**WORK ORDER**
With the pictures removed, write out the full listing below exactly.

**INFORMATION SHOWN**

BEGIN

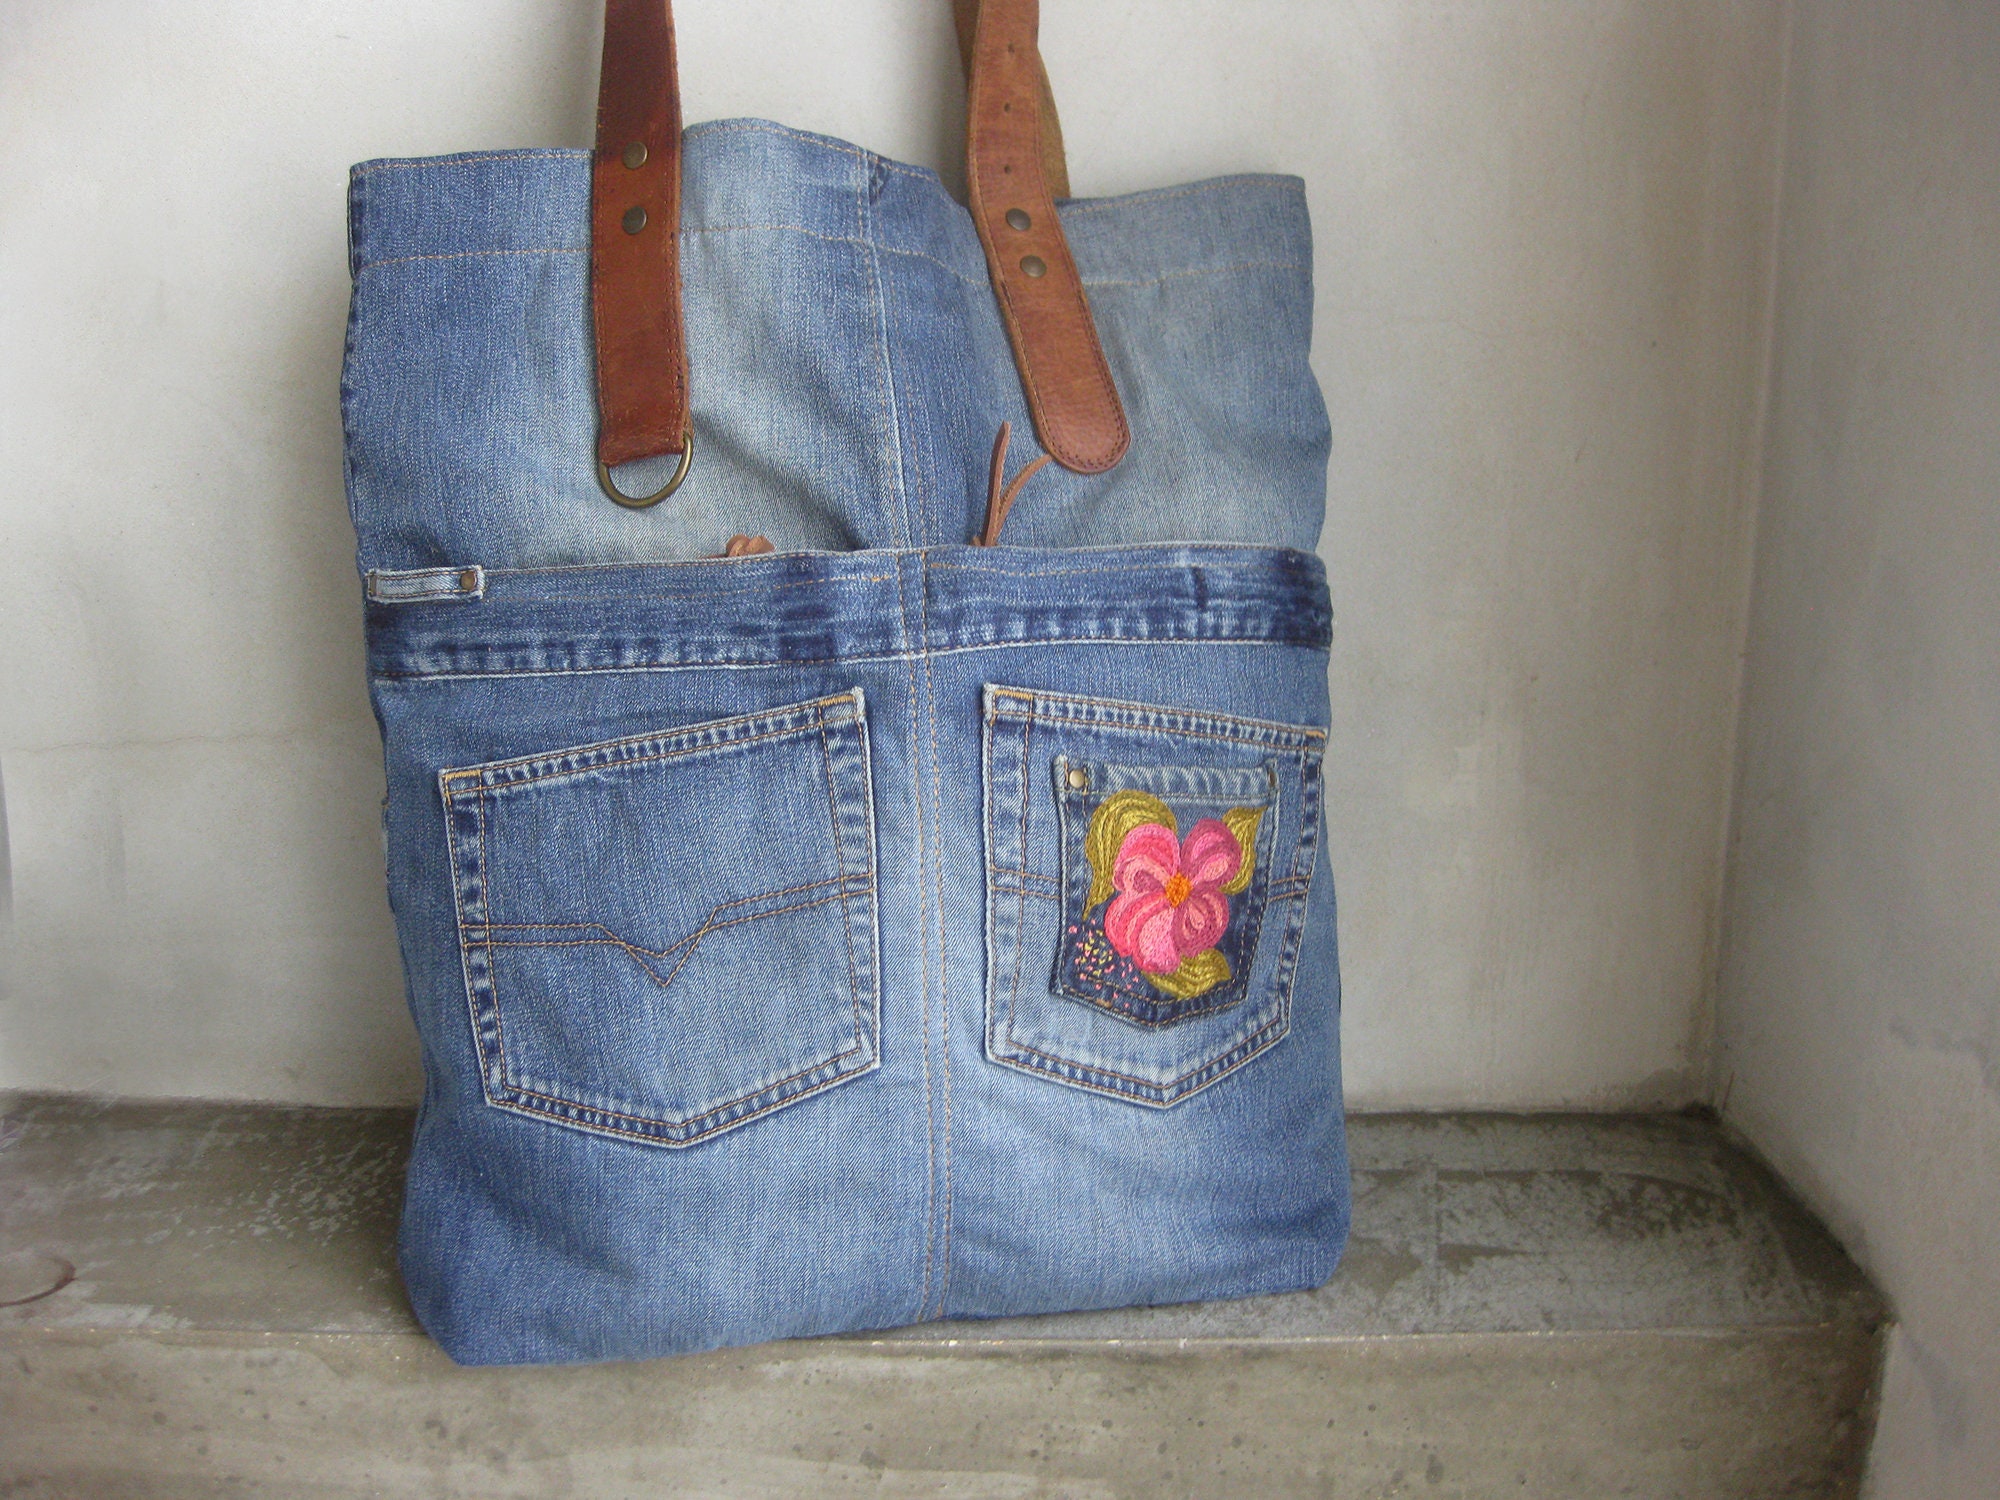 Jeans Bag Blue Tote Bag Weekender Bag Recycled Bag Denim - Etsy
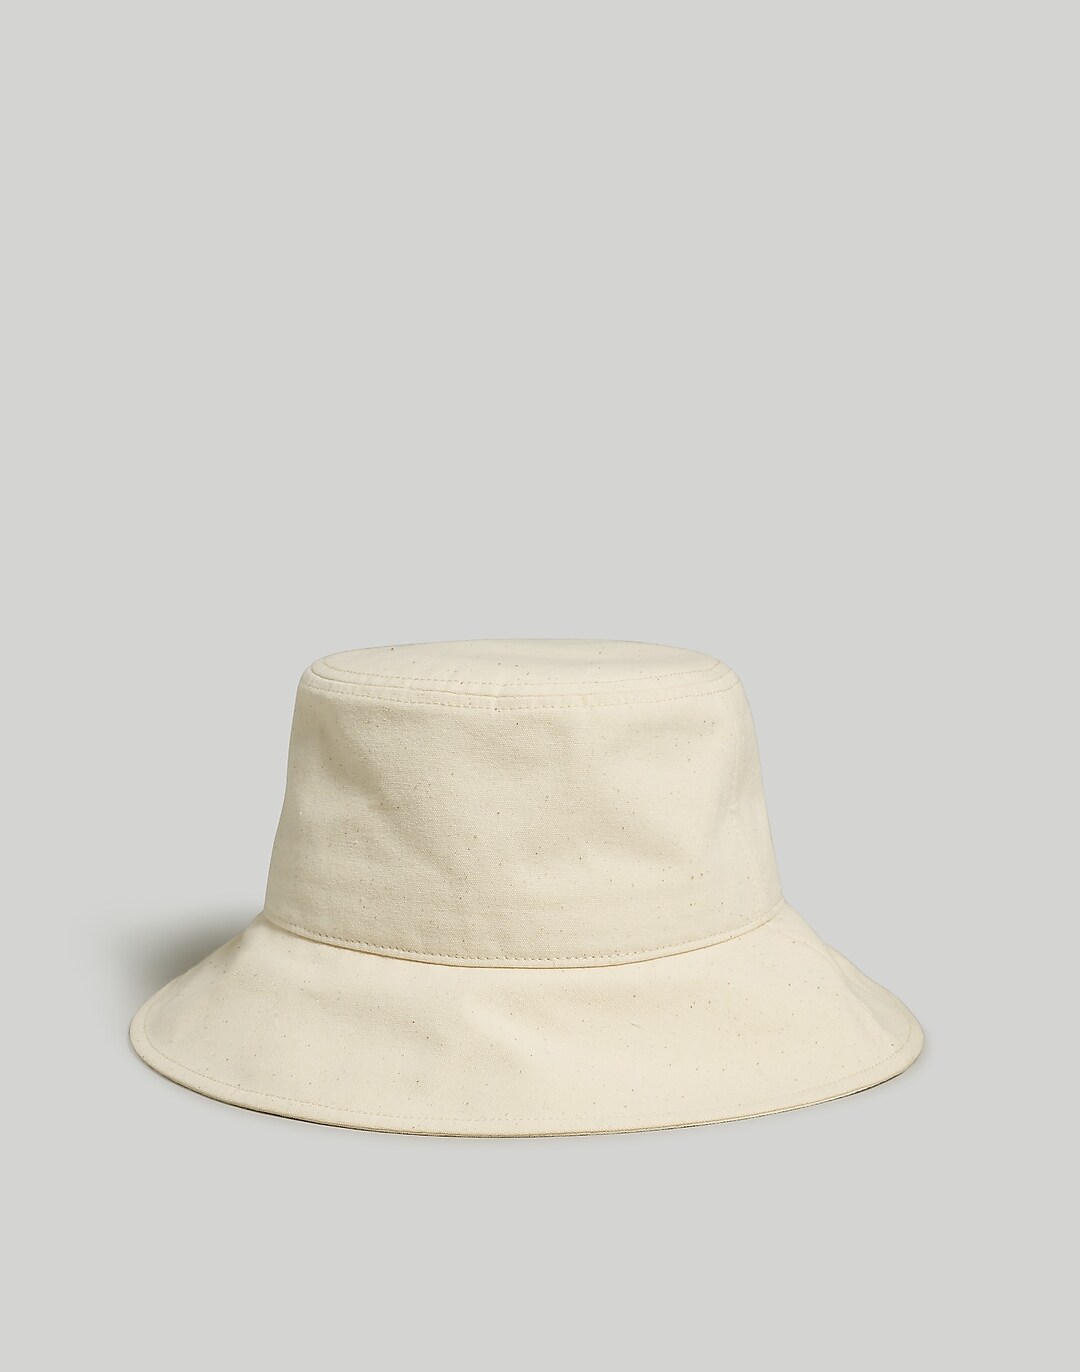 Madewell Wide-Brim Bucket Hat in Antique Cream - Size S-M
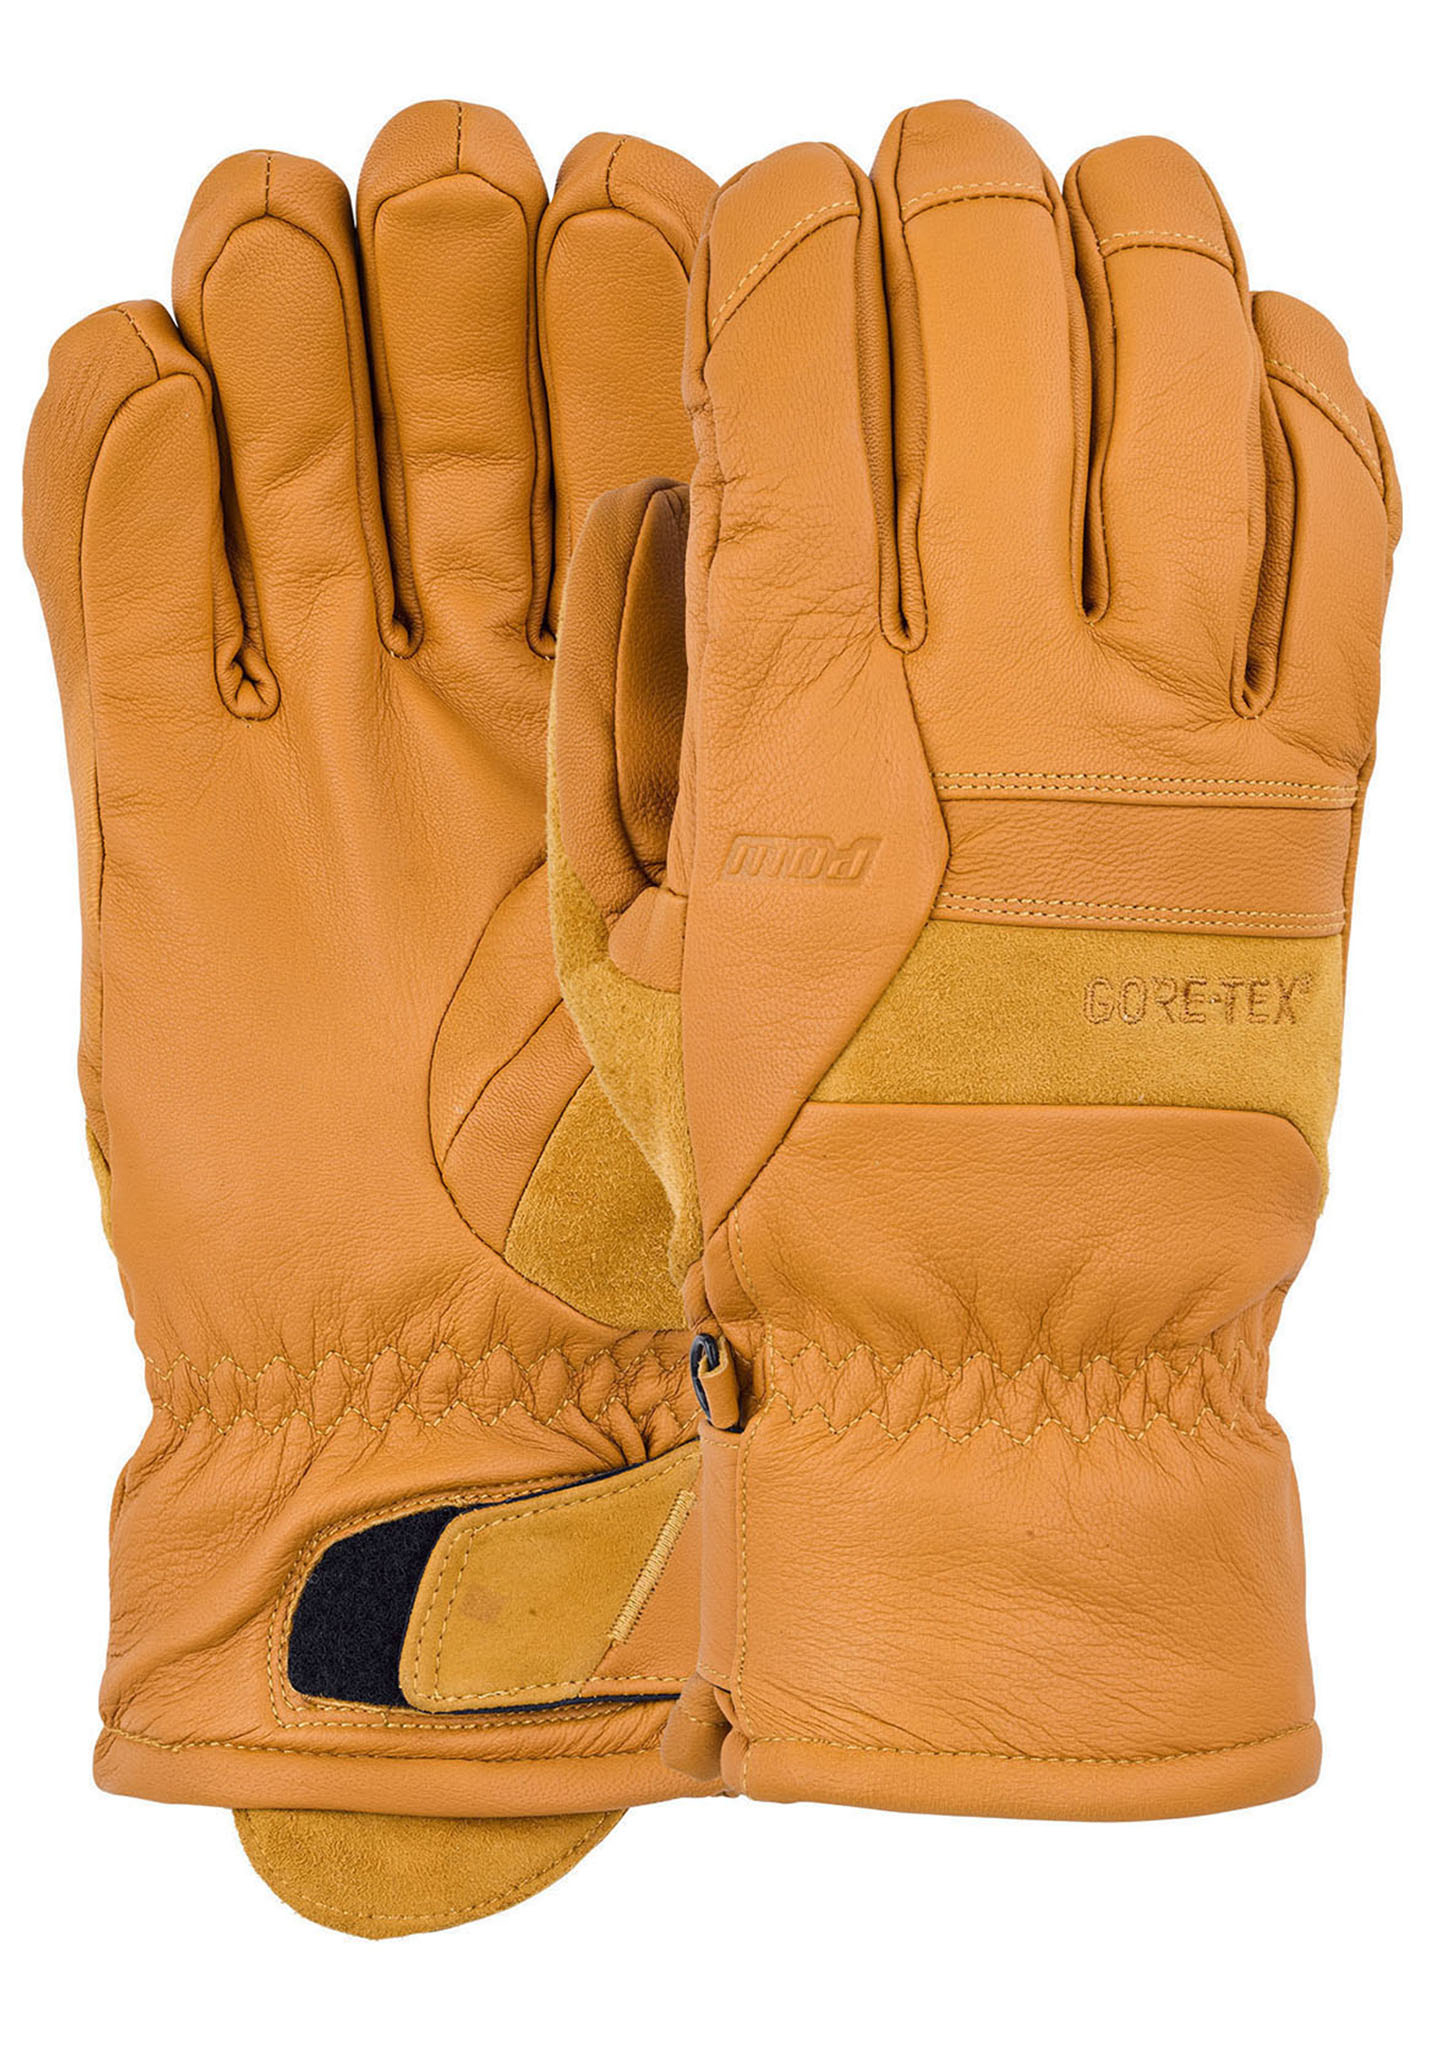 Pow Stealth GTX +Warm Handschuhe hirschhorn braun M

END

**TASK RESULT**
 Jeans Bag Blue Tote Bag Weekender Bag Recycled Bag Denim - Etsy
 Madewell Wide-Brim Bucket Hat in Antique Cream - Size S-M
 Pow Stealth GTX +Warm Handschuhe hirschhorn braun M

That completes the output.